Quobyte plugs in to Google’s TensorFlow

HPC file system supplier Quobyte has added a plug-in for TensorFlow that by-passes the Linux kernel to speed machine learning.

TensorFlow machine learning apps that apply inference and model training on servers with attached GPUs can use the plug-in to go direct to Quobyte files.

Berlin-based Quobyte provides scale-out, parallel access, distributed Data Centre File System software, supporting file, object and block access, including S3 and HDFS. The software supports and optimises the use of NVMe, SAS and SATA SSDs and hard disk drives. The company said its software is self-healing and fault-tolerant.

Customers include Airbus and the UK’s JASMIN supercomputer organisation,

The TensorFlow plug-in means old versions of Linux, with no TensorFlow support, can be used for machine learning. Also the plug-in can be used with the Google Cloud Platform for model training and inference there.

The company said it provides high throughput performance line speed of up to 10GB/sec or 100Gbit/s to each client to keep multiple GPUs per commodity server busy. It can scale out from four to thousands of servers.
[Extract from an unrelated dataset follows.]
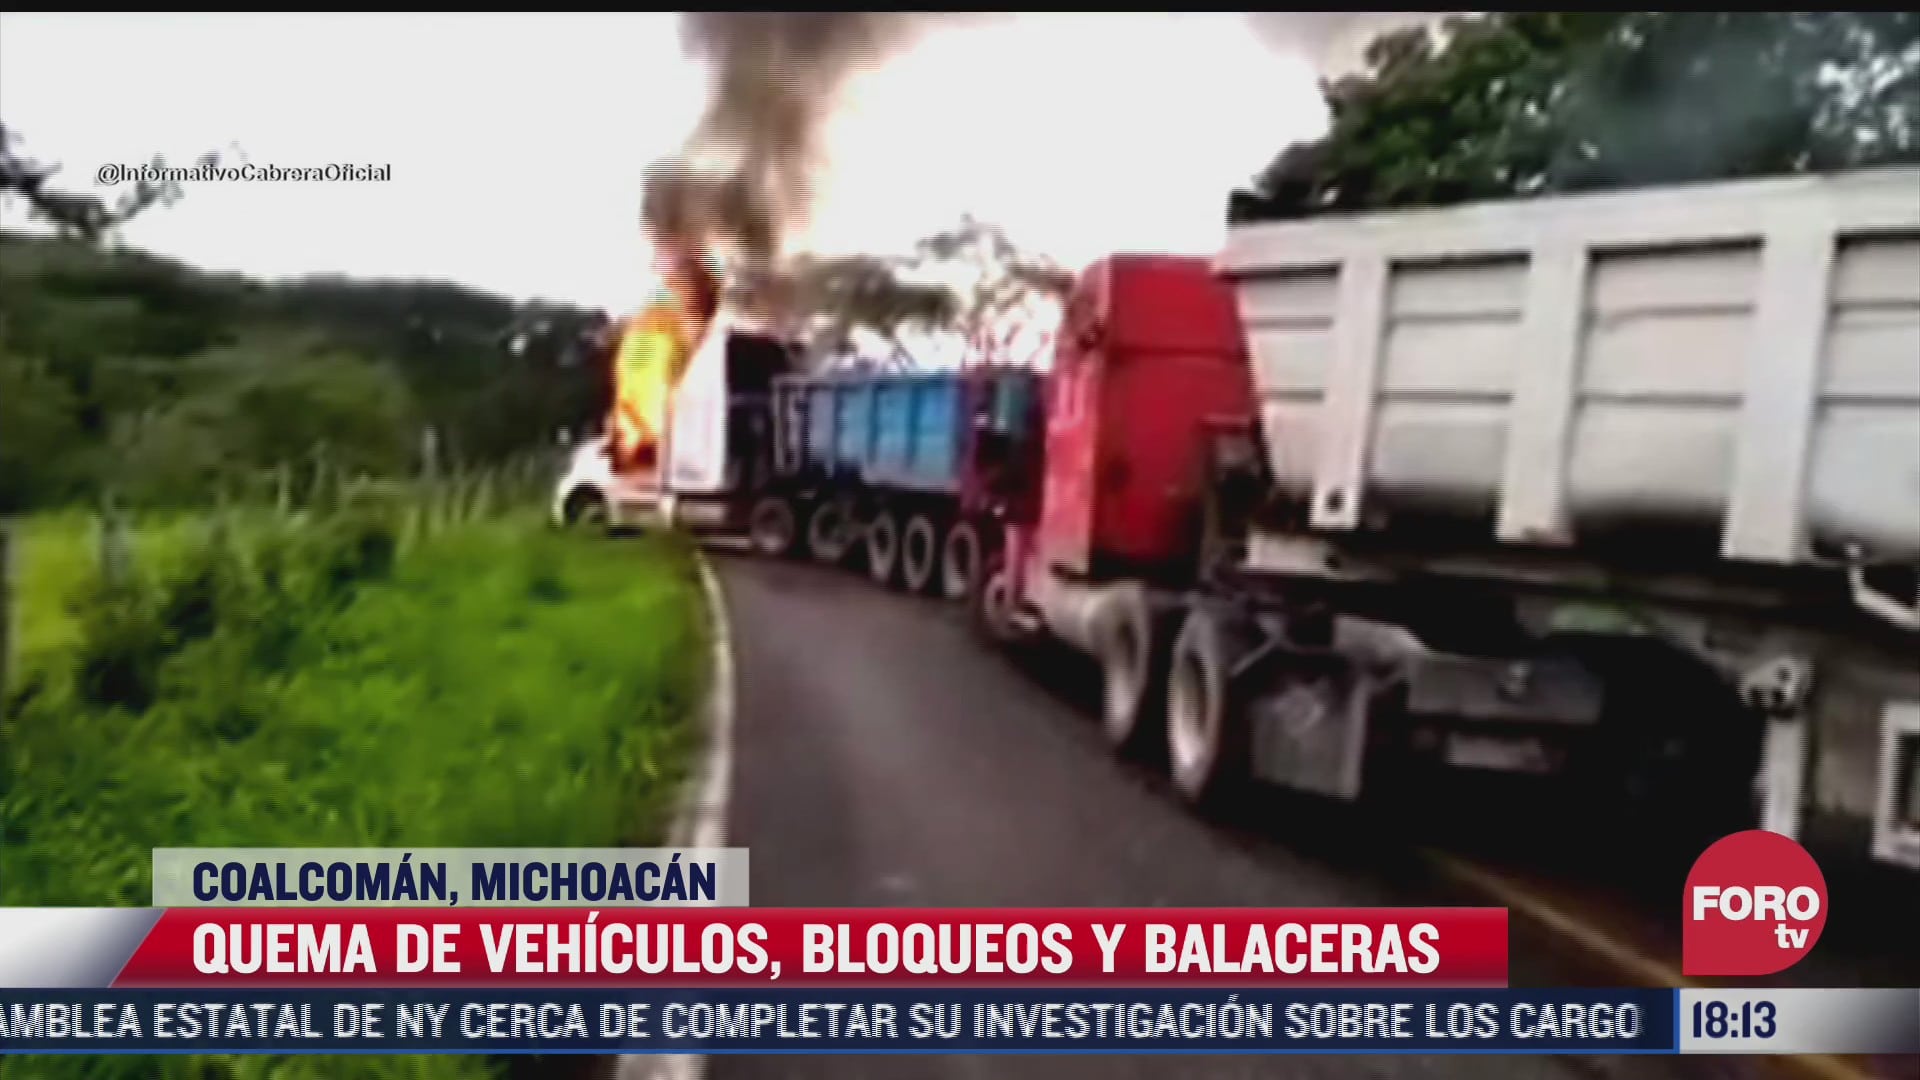 video quema de vehiculos bloqueos y balaceras en michoacan

When ML workloads are sensitive the Quobyte software features uniform ACLs, X.509 certificates, multi-tenancy, and physical separation of data/workloads on hardware for isolation.  It also supports encryption.

Blocks & Files thinks other HPC parallel and scale-out file system suppliers may add the TensorFlow support. Elastifile, Isilon, Lustre, Panasas, Qumulo, Spectrum Scale and WekaIO are likely candidates.